Belinda’s imagination had been caught by the tune of a music box she’d been given for her birthday, “Boys and Girls Come Out to Play”, and she’d taken to sneaking out through her bedroom window each night and dancing with phantom images in the street. She also witnessed the murder her father was called on to investigate - a woman stabbing a man she’d been having an affair with - and afterwards decided “there’s no end to what you can get up to at night” and got two of her school friends to join in on her nightly outings. She also got hooked on pills from a lad outside the school gates, and matters escalated to the point where she and one of her school friends decided to bump off the other friend (coincidentally the daughter of the woman who’d committed the murder) who was getting cold feet about the whole business.

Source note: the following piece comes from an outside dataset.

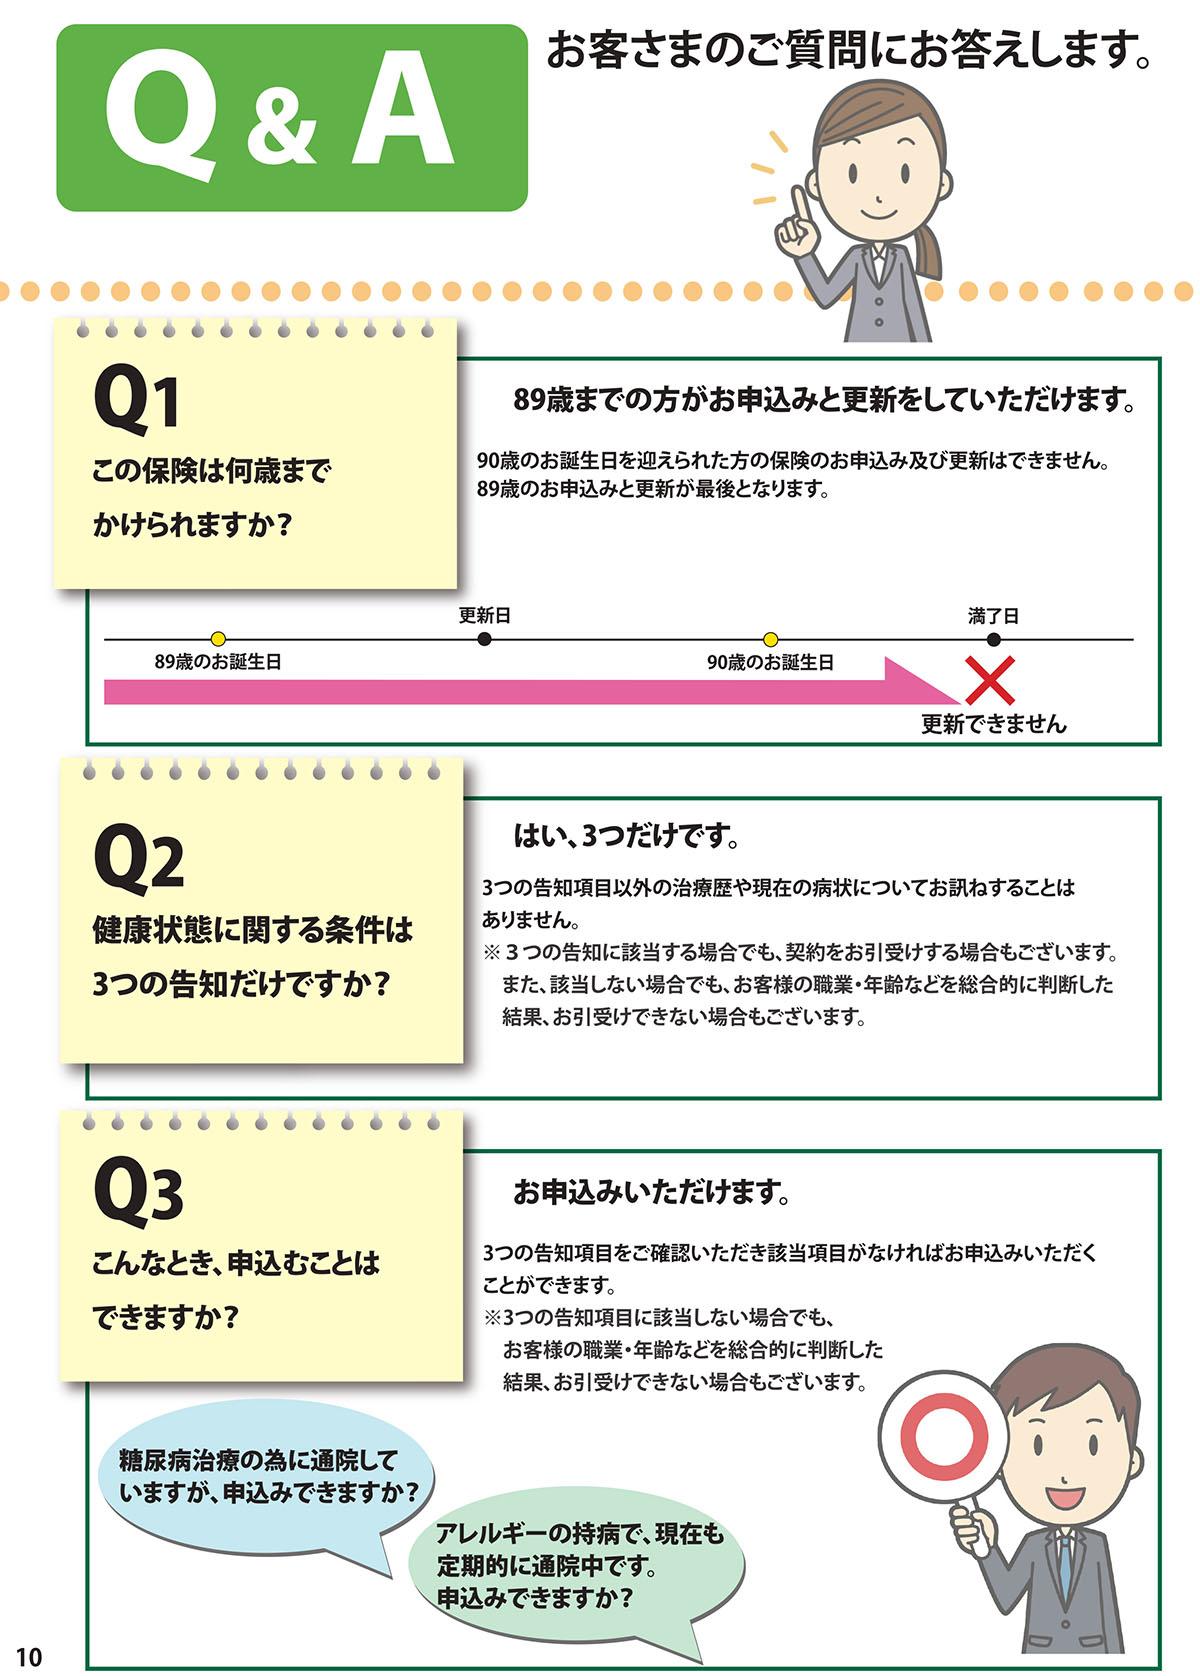 糖尿病保険のQ&A

After that unfortunate girl had gone missing, Belinda and her remaining friend were seen sitting on a hill, taking more pills while looking down on a building-site where cement was being poured into a hole, and remarking “It’s not London Bridge but it’ll have to do…” (a reference to an old legend that bodies of children were used as foundations for that famous bridge!)
Finally, Belinda was standing at her bedroom window, barely noticing her appalled parents behind her, while watching her phantom dancers in the street below - in which the murdered schoolfriend was now reluctantly joining, and suddenly turned and glared up at Belinda, who wasn’t bothered in the slightest.
There was a lot of comment about the play on the Radio Times letters,with one remarking that if Sarah Sutton s performance as Belinda was anything to go by, we should see more of her in the future - as indeed we did, as she later played Nyssa opposite Peter Davison in Dr Who!